What does this have to do with the topic of financial planning? Simply this: "Models that measure only the probability of failure ignore one side of the risk equation completely."
Fullmer isn't suggesting that Monte Carlo be scrapped. Simulation models actually lend themselves very well to proper risk measurement but only if they measure both the probability of failure and the magnitude of the failure cases that occur. Right now, however, the models use this calculation: The magnitude is the total amount of desired spending and bequeathing (how much money is left to heirs and others after you die) that does not occur because the portfolio ran out of money -- often referred to as "shortfall." In other words, the existing tools use this model: Shortfall risk equals probability of shortfall.
A better risk measure, however, would be this: Shortfall risk equals probability of shortfall times the magnitude of shortfall. To be fair, probability statistics may be good enough as a quick check on whether a particular spending plan is reasonable, Fullmer wrote. But they are "inadequate when comes to actual decision making."
In fact, by focusing solely on the "probability component of risk," he says you may wind up with a portfolio that's too aggressive, that is too heavily weighted in stocks. That's a direct result of ignoring the magnitude of the failure.
Said Fullmer: "Getting the risk measure correct is vitally important."
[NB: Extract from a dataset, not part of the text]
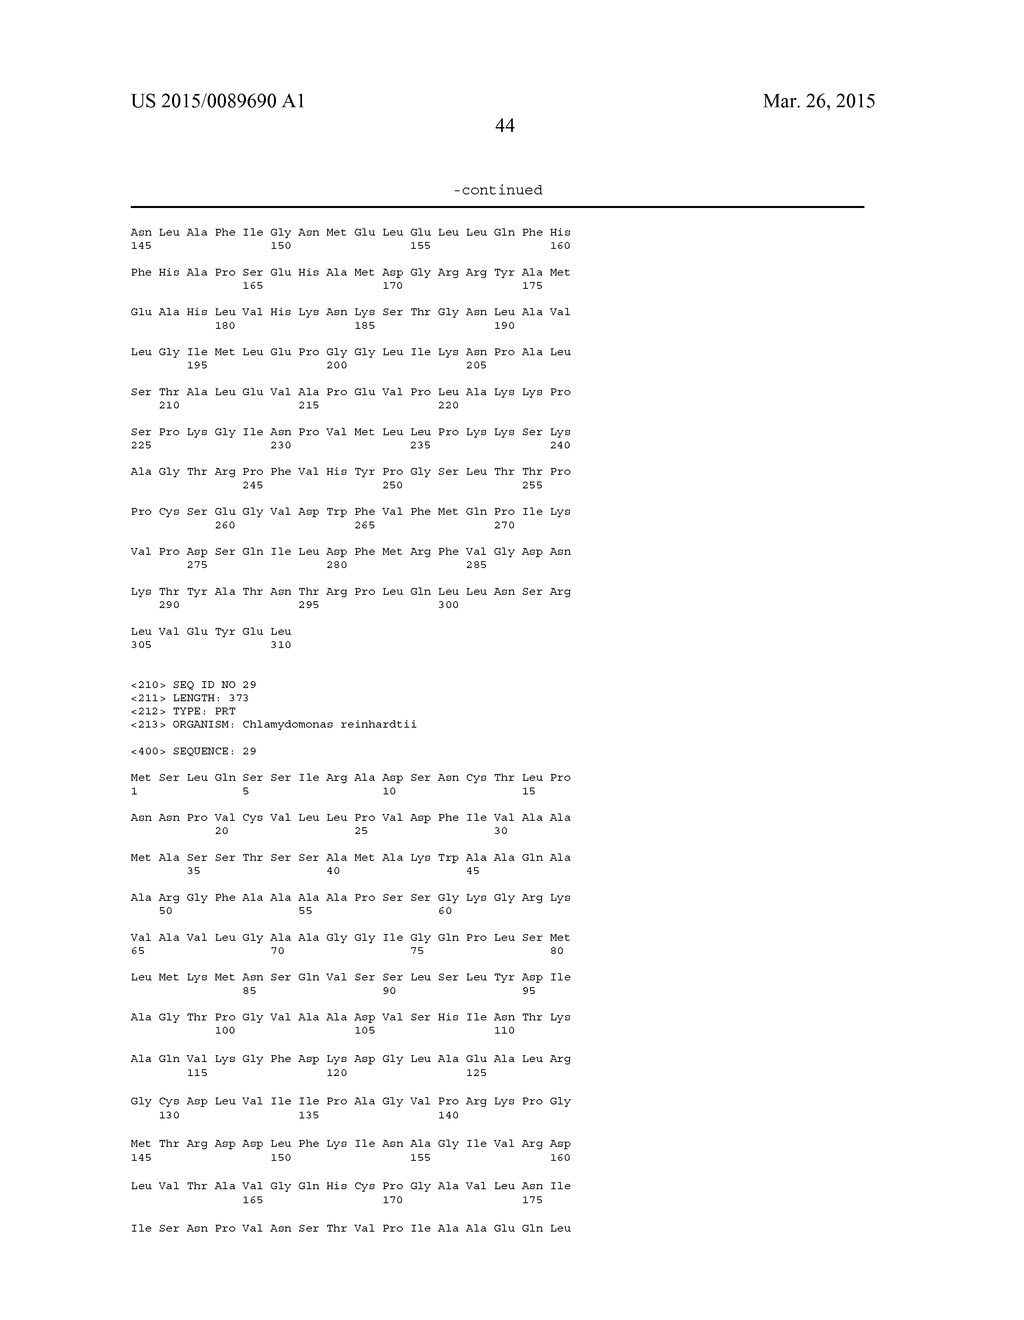 SODIUM HYPOCHLORITE RESISTANT GENES - diagram, schematic, and image 90

How does one go about doing that? Unfortunately, that's no easy task. Most planning tools today don't boast about whether they measure risk completely. Instead, Fullmer says you have to approach these tools with a "buyer beware" frame of mind. If you use a Monte Carlo simulation tool and it tells you that you have a 90% chance of success and then recommends a portfolio, beware. If on the other hand, the tool suggests that you have a 20% chance of failure, that you would run out of money in year 10, and then presents a portfolio that minimizes the severity of it not working, well, that tool might be worth using.
To be sure, the next generation of financial-planning and retirement-income tools might incorporate magnitude into the risk equation. For now, however, consider yourself warned: Use these tools at your own risk.